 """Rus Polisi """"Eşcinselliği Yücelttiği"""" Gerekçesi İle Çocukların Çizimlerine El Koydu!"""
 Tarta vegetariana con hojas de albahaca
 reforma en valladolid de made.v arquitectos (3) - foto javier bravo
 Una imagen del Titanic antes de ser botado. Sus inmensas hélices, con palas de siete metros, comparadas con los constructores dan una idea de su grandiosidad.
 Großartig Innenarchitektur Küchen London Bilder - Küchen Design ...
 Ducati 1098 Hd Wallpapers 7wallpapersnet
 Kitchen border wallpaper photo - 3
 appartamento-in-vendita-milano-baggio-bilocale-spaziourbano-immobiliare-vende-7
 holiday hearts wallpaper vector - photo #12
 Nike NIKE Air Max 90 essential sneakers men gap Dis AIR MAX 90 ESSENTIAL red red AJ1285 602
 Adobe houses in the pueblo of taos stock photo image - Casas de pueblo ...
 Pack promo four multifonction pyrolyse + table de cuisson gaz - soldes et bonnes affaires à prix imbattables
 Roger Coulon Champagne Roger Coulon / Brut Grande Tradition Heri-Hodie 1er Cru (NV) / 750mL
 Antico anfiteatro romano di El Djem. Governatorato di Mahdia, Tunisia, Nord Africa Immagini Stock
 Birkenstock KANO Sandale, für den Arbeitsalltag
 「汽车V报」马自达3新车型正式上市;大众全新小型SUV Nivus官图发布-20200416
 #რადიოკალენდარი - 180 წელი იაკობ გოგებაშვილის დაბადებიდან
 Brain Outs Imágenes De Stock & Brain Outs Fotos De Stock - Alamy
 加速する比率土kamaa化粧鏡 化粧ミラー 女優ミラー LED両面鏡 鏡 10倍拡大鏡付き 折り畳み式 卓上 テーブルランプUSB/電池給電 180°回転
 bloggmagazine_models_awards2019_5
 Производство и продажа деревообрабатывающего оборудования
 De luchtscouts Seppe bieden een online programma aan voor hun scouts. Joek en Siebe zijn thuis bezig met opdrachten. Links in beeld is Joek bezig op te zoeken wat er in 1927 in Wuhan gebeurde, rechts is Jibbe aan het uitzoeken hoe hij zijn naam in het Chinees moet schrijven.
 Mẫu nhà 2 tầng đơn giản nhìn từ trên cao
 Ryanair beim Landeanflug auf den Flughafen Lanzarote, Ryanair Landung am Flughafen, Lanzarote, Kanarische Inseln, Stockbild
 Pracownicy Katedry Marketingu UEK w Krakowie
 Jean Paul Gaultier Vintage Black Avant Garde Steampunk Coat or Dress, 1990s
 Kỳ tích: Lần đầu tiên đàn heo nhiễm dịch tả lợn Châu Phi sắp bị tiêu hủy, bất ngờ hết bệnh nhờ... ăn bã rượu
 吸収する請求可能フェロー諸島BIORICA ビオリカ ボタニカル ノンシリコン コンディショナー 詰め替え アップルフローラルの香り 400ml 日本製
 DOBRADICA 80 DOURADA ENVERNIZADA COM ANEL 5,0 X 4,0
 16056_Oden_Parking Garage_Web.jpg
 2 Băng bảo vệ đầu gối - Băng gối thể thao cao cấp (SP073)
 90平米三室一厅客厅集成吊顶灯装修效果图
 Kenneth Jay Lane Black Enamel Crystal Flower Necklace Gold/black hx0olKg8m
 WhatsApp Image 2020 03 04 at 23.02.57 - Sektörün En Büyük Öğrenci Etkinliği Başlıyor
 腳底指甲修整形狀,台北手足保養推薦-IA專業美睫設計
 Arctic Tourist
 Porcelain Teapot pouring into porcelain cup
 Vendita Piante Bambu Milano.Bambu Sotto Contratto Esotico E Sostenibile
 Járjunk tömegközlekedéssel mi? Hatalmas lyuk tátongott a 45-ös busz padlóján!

TASK PROMPT:
Write out every line in the data that holds the string "photo".

ANSWER FOR THE TASK:
 Kitchen border wallpaper photo - 3
 holiday hearts wallpaper vector - photo #12
 Adobe houses in the pueblo of taos stock photo image - Casas de pueblo ...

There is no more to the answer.